Soil microbial biomass N is not only an executor of microbial mineralization and fixation of soil nitrogen, but also an active pool for providing nutrients to plants [66,67] and regulating the soil nitrogen supply directly. Therefore, the activity of soil microbial biomass nitrogen and its growth and decline are considered to be essential contents of soil nitrogen internal circulation [68]. It was found that MBN had an effect on the release rate of phosphorus in sediments, which may be due to microbial biomass N:P and the ecological stoichiometry that affected the release of phosphorus from the sediments [69].

Therefore, it is necessary to consider sediment B-SO₄²⁻, B-MBN and A-MBP content in order to predict and control the sediment phosphorus release rates while maintaining the other physical and chemical properties of the sediment.

5. Conclusions

The results showed that the V_P of different wetland sediments were different and changed in the order of W–R > W–L > W–M > W–A.

Sediment phosphorus release rates in the sediment–water interface were closely and significantly correlated with the content of A-Fe-P, A-Ca-P, A-TP, B-Fe-P, B-MBC and B-TP. The main driving factors that influenced sediment phosphorus release rates in the sediment–water interface were sediment B-SO₄²⁻, B-MBN and A-MBP content, and the standard multiple regression equation for sediment phosphorus release rates in the sediment–water interface and main affecting factor was Y = −0.105 + 0.096X₁ + 0.275X₂ − 0.010X₃ (r = 0.416, p < 0.01, n = 144).

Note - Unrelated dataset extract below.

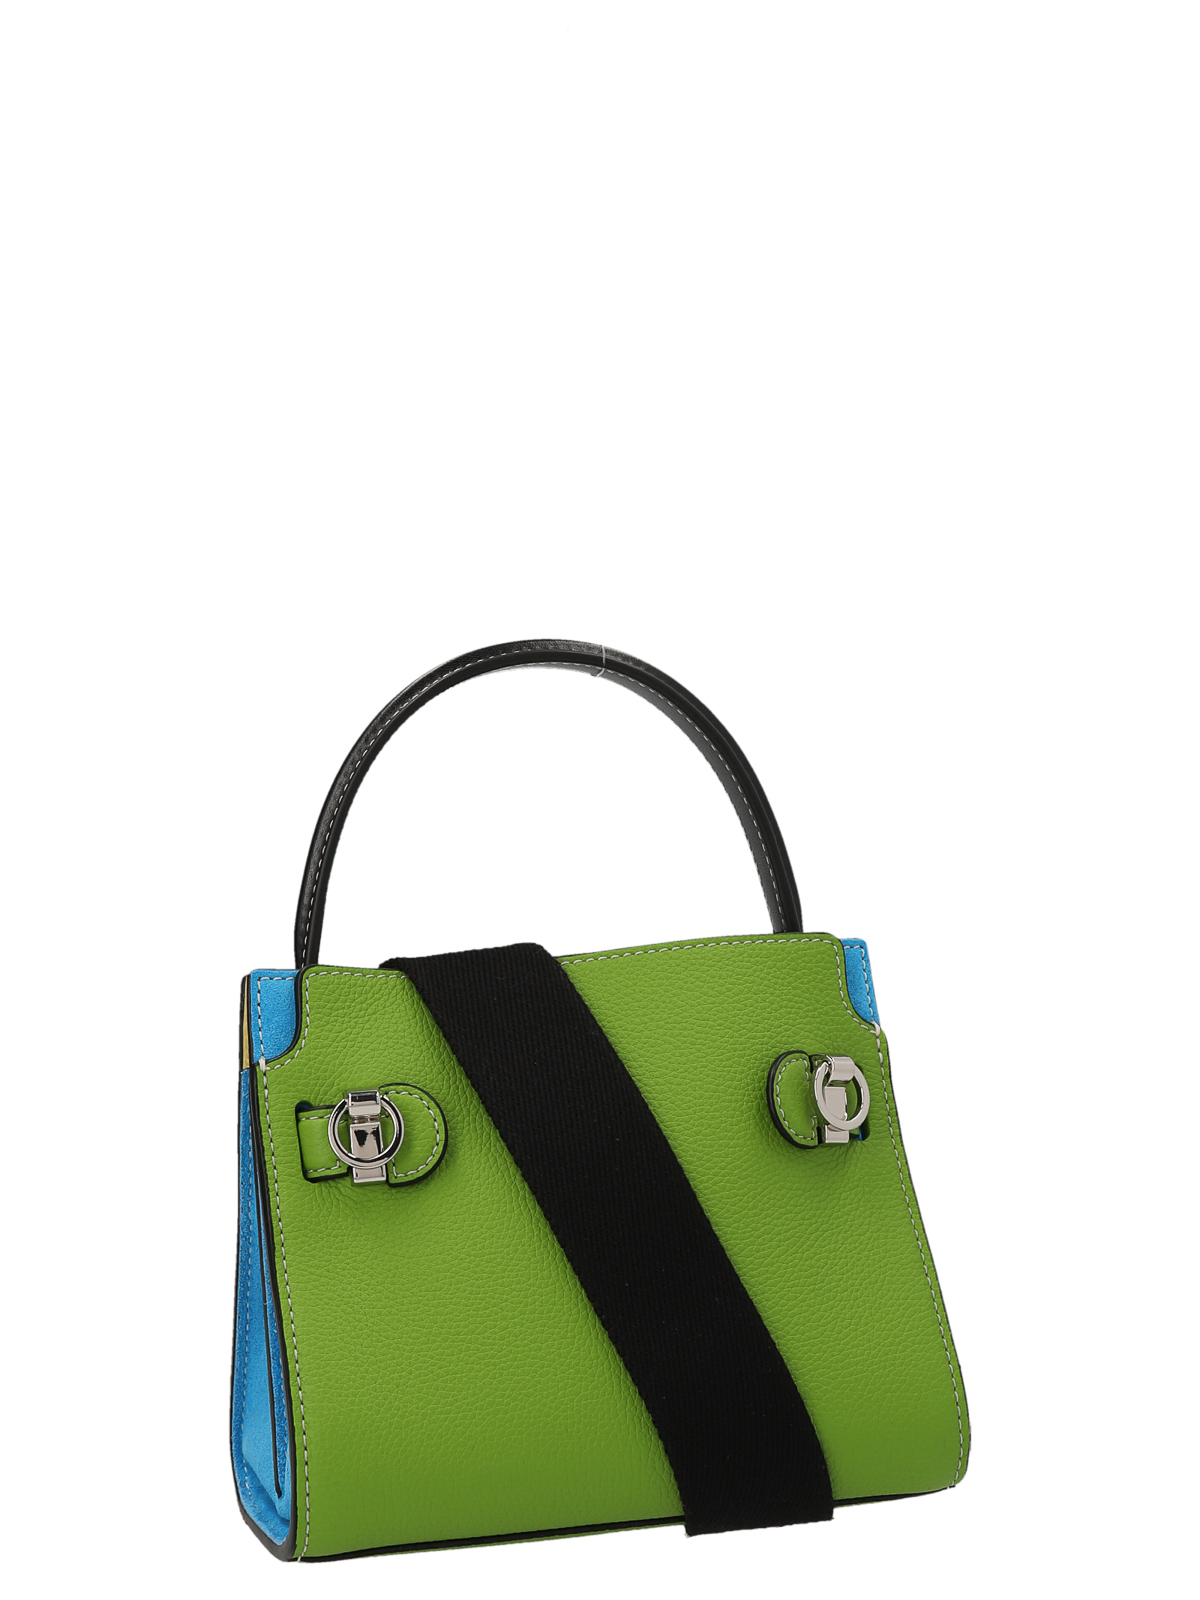 Lee radziwill petite leather handbag Tory Burch Multicolour in

Therefore, these results suggest that sediment chemical properties and microbial activities, likely play an important role in phosphorus release rates in the sediment–water interface. Future research will take sediment chemical properties, microbial activities, vegetation factors and other environmental factors into account, in order to analyze the impact of all external and internal factors on phosphorus release in the steppe wetlands. It hopes to provide effective scientific management and control methods for relevant environmental protection departments.